Очень трудно описать края, по которым мы ехали, такими, какими они предстали в этот период года перед путешественником, все-таки вынужденным ехать из соображений настоятельной необходимости. Все это были слабохолмистые равнины черноватого цвета. Вдоль дороги тянулись вехи. Когда зимние метели стирают дороги, они являются их указателями, а летом стоят как безработные телеграфные столбы. На горизонте только и видишь, что березовые, иногда полусгоревшие леса да редкие деревни, затерянные в глубине земель и видные лишь по куполам церквей, покрашенным в цвет неспелого яблока.
В настоящий момент на темном фоне грязи, которую ночью приморозило, там и сям лежал снег длинными лентами, похожими на куски холста, выложенные на луг для отбелки под солнцем, или, если такое сравнение кажется вам слишком радостным для описываемой ситуации, на прошивки из белых ниток по черному, похожему на сажу цвету, в который бывают выкрашены самые низкосортные погребальные покрывала. Бледный день, словно цедясь сквозь закрывавшую все небо огромную сероватую тучу, терялся, рассеивался, как бы во взвешенном своем состоянии, не давая предметам ни света, ни тени. В этом неверном, неясном освещении все казалось грязным, серым, линялым, тусклым. Колористу, так же как и рисовальщику, не за что было бы ухватиться в этом смутном пейзаже, неясном, размытом, скорее угрюмом, чем меланхоличном. Но то обстоятельство, что нос мой был повернут в сторону Франции, утешало меня и не давало совсем заскучать, несмотря на мои глубокие сожаления о покинутом Санкт-Петербурге. Ведь любая тряска по дороге среди этой унылой сельской местности приближала меня к родине, и скоро уже после семимесячного отсутствия я должен был увидеть, не забыли ли меня мои парижские друзья. Впрочем, сами трудности путешествия поддерживают вас, и удовлетворение от победы над препятствиями отвлекает от мелких неприятностей. Когда вы уже увидели много стран, вы не станете на каждом шагу надеяться встретить «волшебные города», вы привыкли к этим пробелам в природе, которые, перемалывая одни и те же виды, даже усыпляют вас иногда, как и чтение самых великих поэтов. Не один раз вам хочется сказать, как Фантазио[166] в комедии Альфреда де Мюссе: «Как не удался этот закат! В этот вечер природа жалка. Посмотрите-ка на эту долину вон там, на четыре-пять взбирающихся в гору глупых облачков! В двенадцать лет я рисовал такие пейзажи на обложках книг!»

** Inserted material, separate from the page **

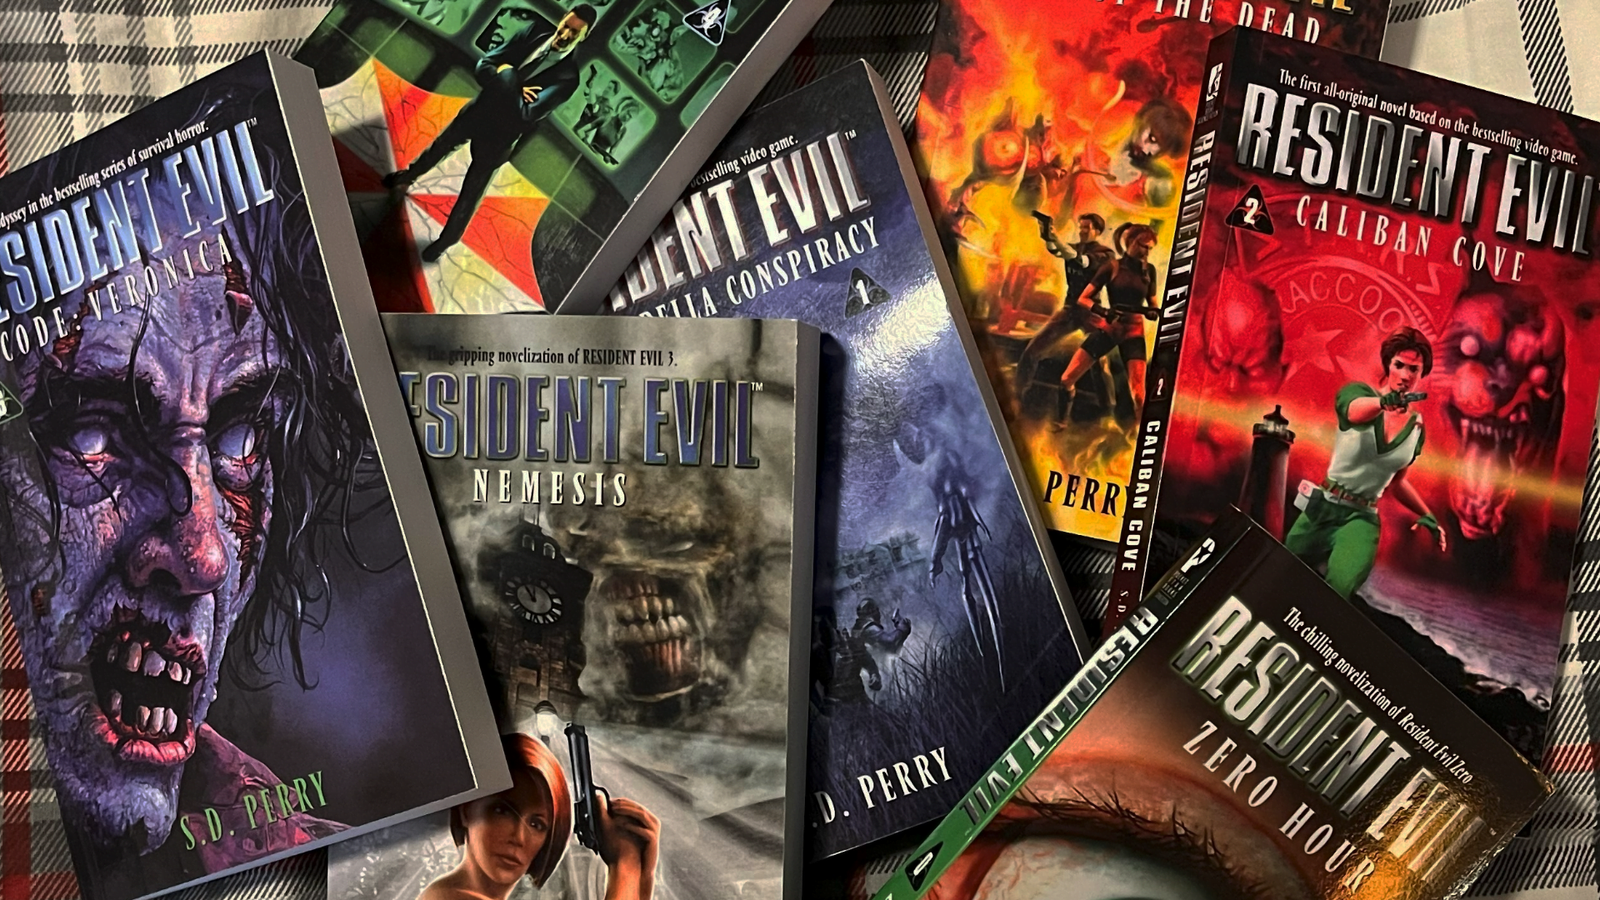 An Interview with Resident Evil Novelization Author, S.D. Perry

Мы давно уже проехали Остров, Режицу[167] и другие городки или города, которые, вы можете представить себе, я разглядывал не слишком подробно с высоты моей телеги. Даже если я остался бы здесь несколько дольше, я сумел бы только повторить уже сделанные мною описания: дощатые заборы, деревянные дома с двойными рамами, за стеклами которых видны комнатные растения, зеленые крыши и церковь с пятью куполами и нартексом, расписанным по византийскому шаблону.
Среди всего этого выделяется почтовая станция с белым фасадом, перед которым группами стоят несколько мужиков в грязных тулупах и несколько белобрысых детей. Крайне редко встречаются женщины.
День клонился к вечеру, и мы должны были приближаться к Динабургу. Мы въехали в город с последними лучами мертвенно-бледного заката, который отнюдь не придавал веселого вида этому городу, населенному по большей части польскими евреями. Небо было как раз таким, каким его рисуют на картинах, изображающих чуму, — мрачно-серого цвета с оттенками болезненно-зеленоватой разлагающейся плоти. Под этим небом черные, разбухшие от дождя и талого снега дома, искалеченные зимнею непогодой, тонущие в разлившейся жидкой грязи, походили на набросанные кучи дров или мусора. Талые воды, ища уклона, текли со всех сторон. Желто-землисто-черноватые их потоки несли с собою мириады мелких соринок. Площади выглядели грязными болотами, в которых кое-где пятнами плавали островки грязного снега, все еще упрямо сопротивлявшегося западным ветрам. В эдакой отвратительной каше, при виде которой невольно запоешь гимны щебеночной дороге, отбрасывая фонтаны брызг на стены и на редких прохожих, колеса телеги крутились, напоминая лопасти колес парохода в тинистой реке. Подобно ловцам устриц, прохожие были одеты в поднимающиеся до самых бедер высокие сапоги. Телега ехала по ступицы в грязи. К счастью, под этой топью все-таки существовал деревянный настил мостовой. Разбитый и сдвинутый водою, на определенной глубине он представлял собою твердую почву, которая не позволяла нам, нашим лошадям и нашей телеге благополучно исчезнуть в этой грязи, как в зыбучих песках горы Сен-Мишель[168].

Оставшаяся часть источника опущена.